### WHAT YOU HAVE TO DO
What you return should be only the lines in the entries below between the one holding "Tithe Barn Bolton" and the one holding "半円思い出す貼り直す薬用 馬油クリーム シークヮーサーの香り Q10配合(沖縄限定)", ends included, with every picture left out.

### GIVEN DATA
%%

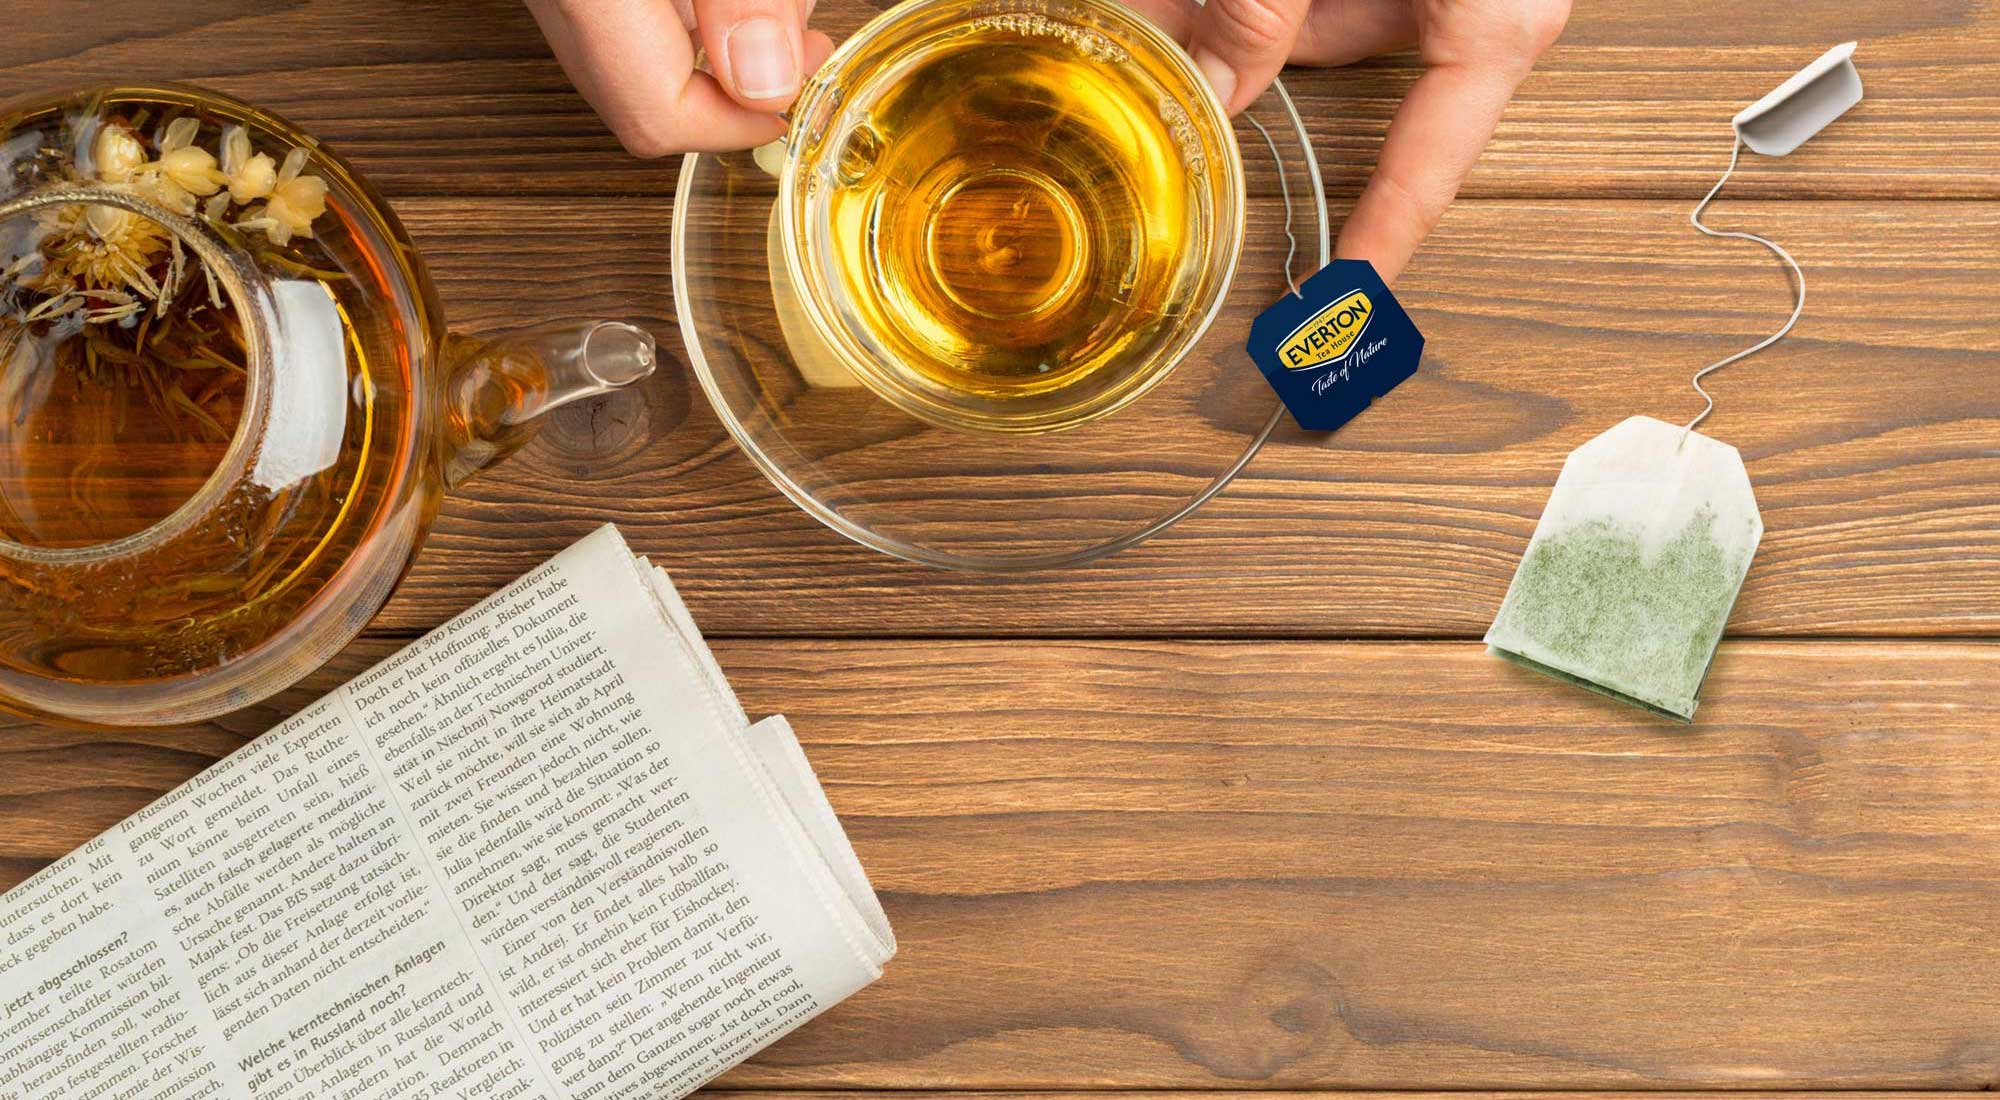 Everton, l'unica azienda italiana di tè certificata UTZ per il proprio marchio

%%
%%

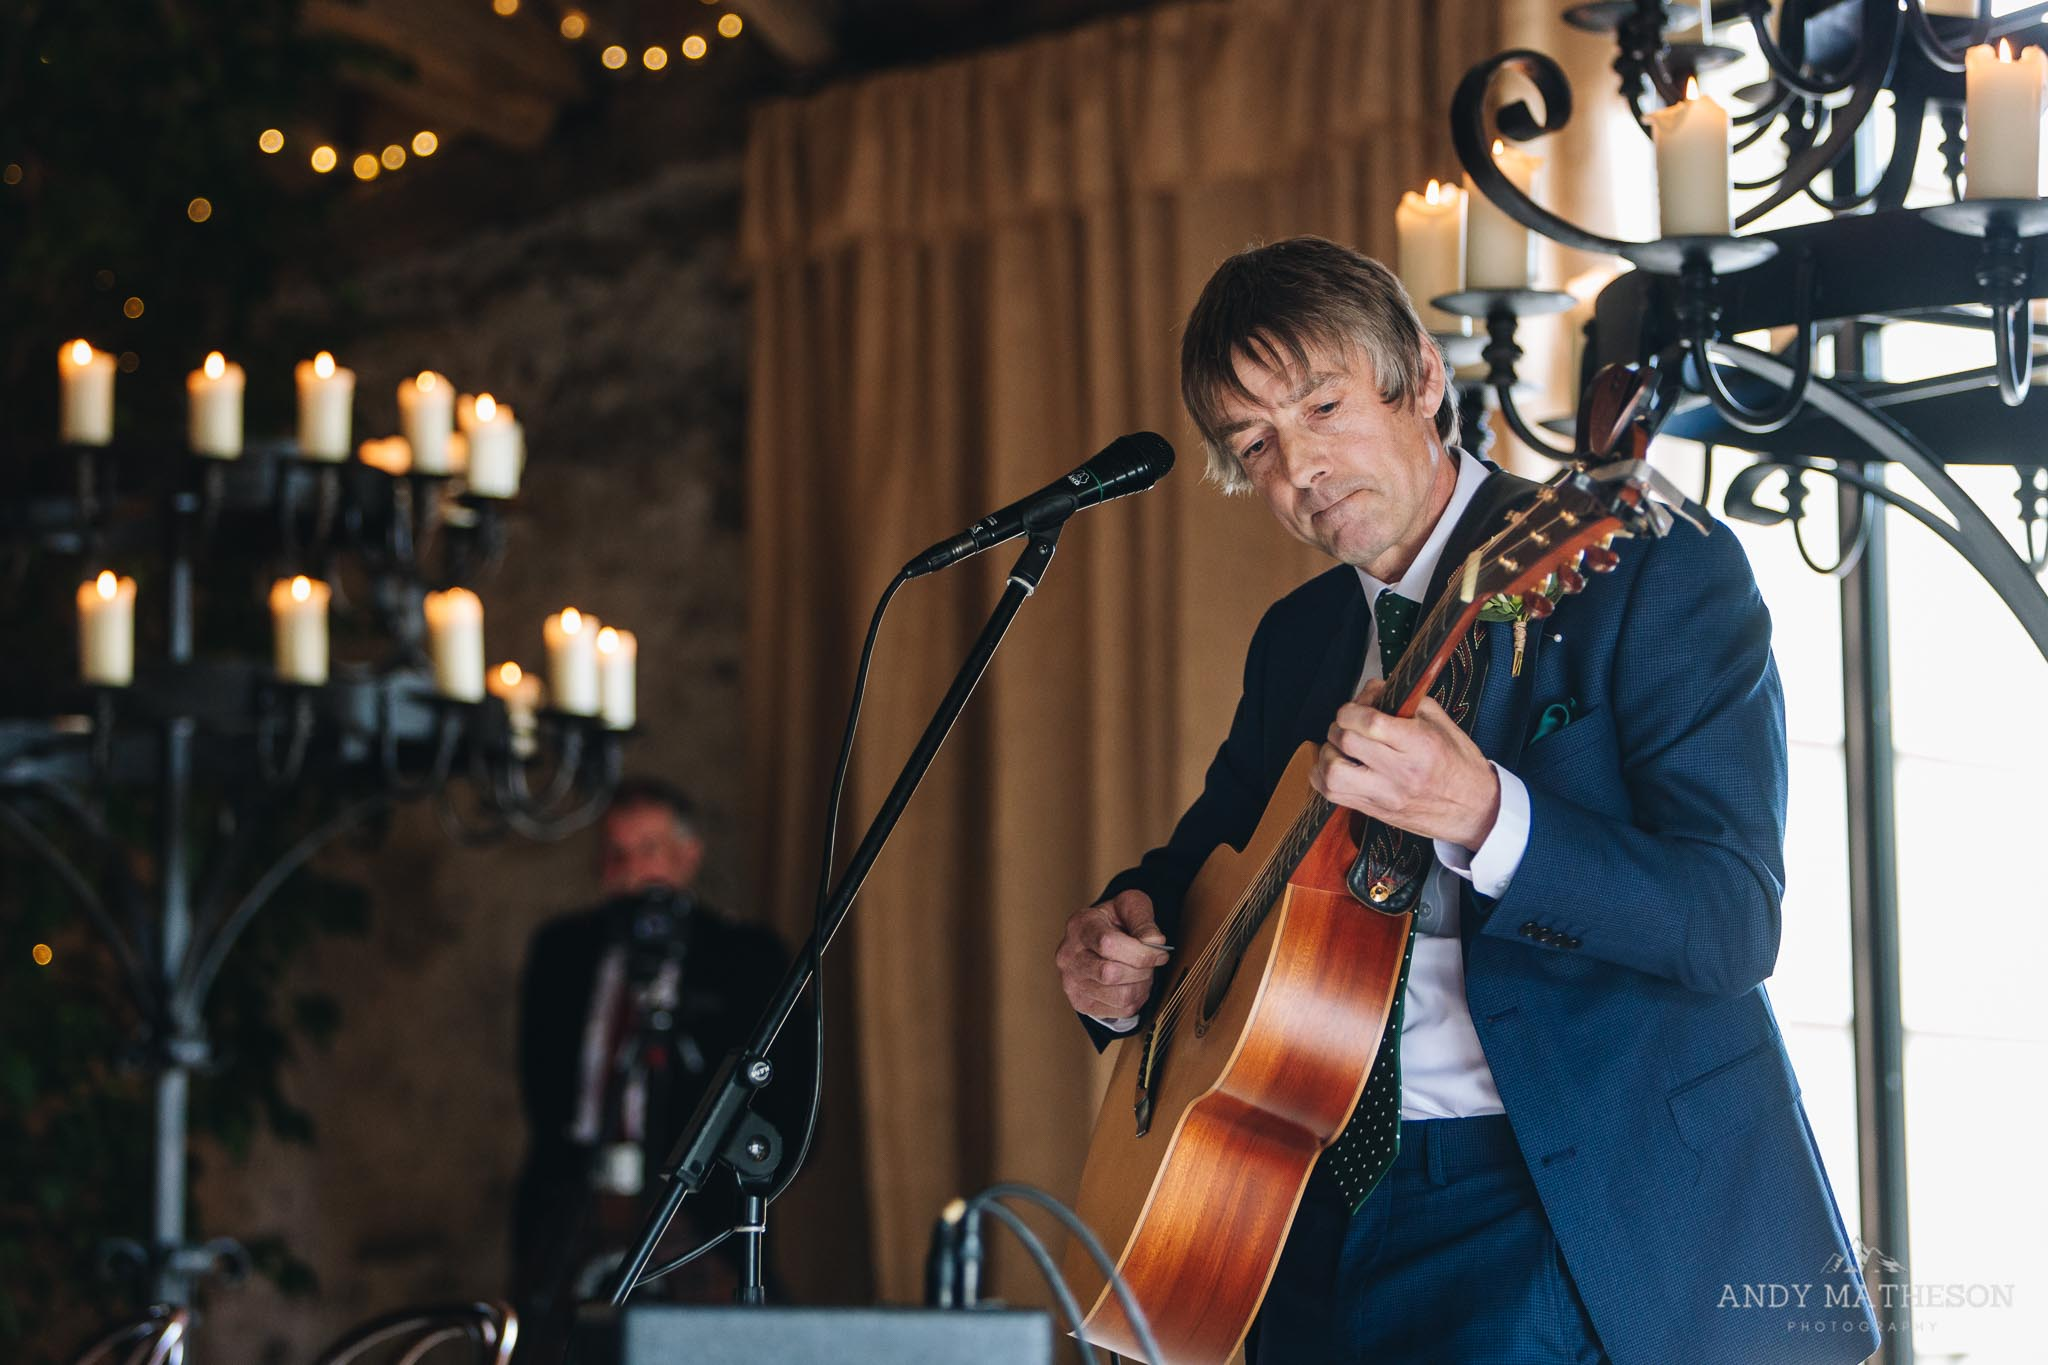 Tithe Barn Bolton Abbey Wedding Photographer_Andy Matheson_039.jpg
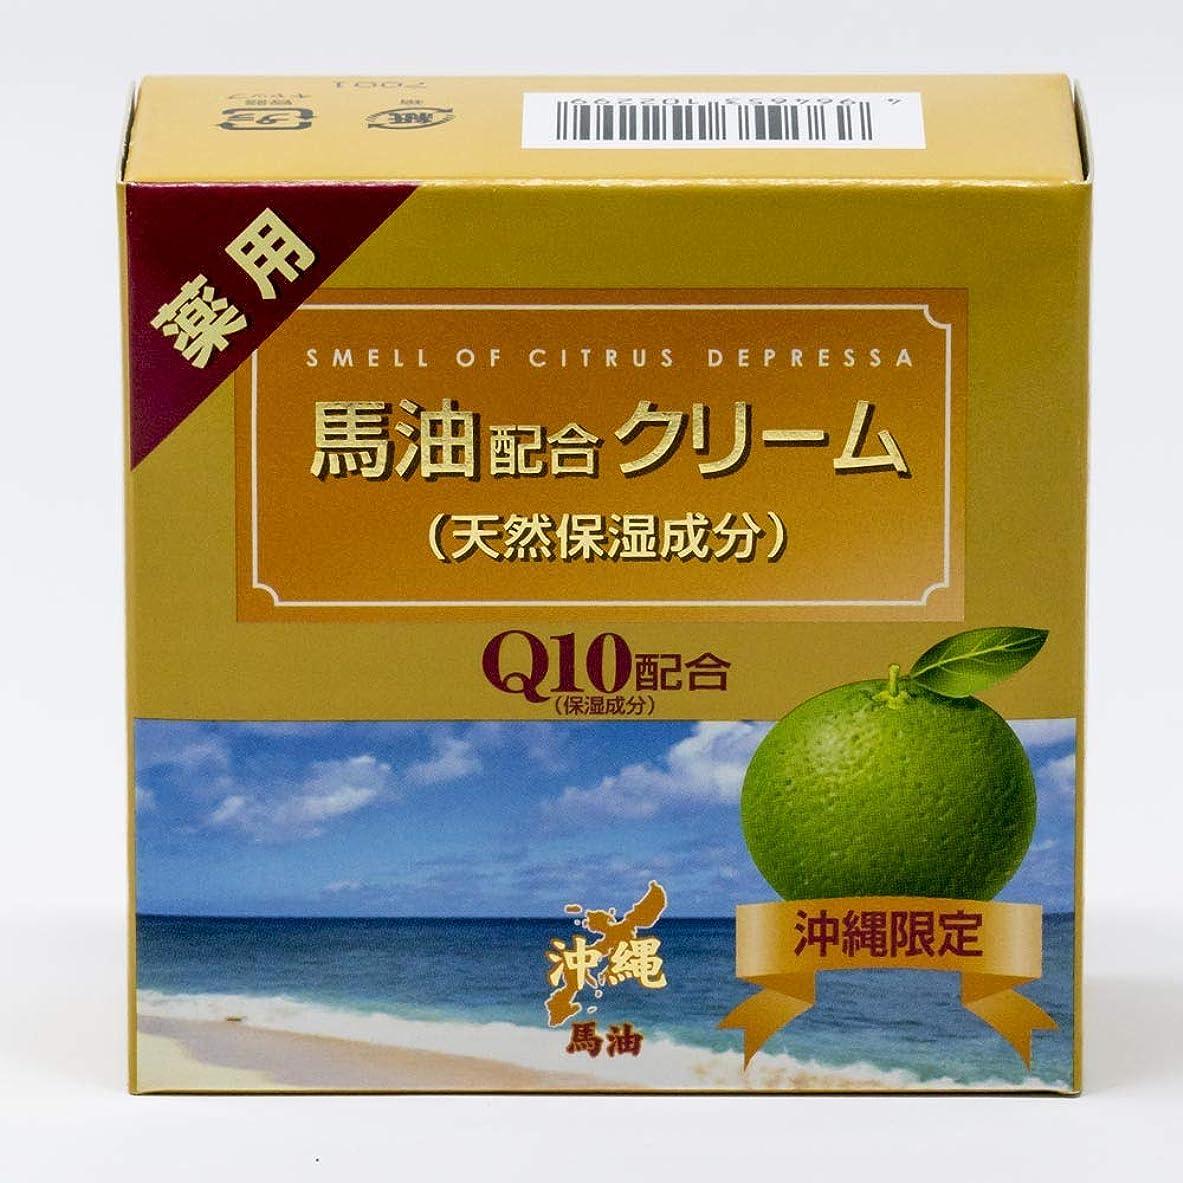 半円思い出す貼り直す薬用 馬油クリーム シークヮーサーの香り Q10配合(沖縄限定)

%%

### THE ANSWER
 Tithe Barn Bolton Abbey Wedding Photographer_Andy Matheson_039.jpg
 半円思い出す貼り直す薬用 馬油クリーム シークヮーサーの香り Q10配合(沖縄限定)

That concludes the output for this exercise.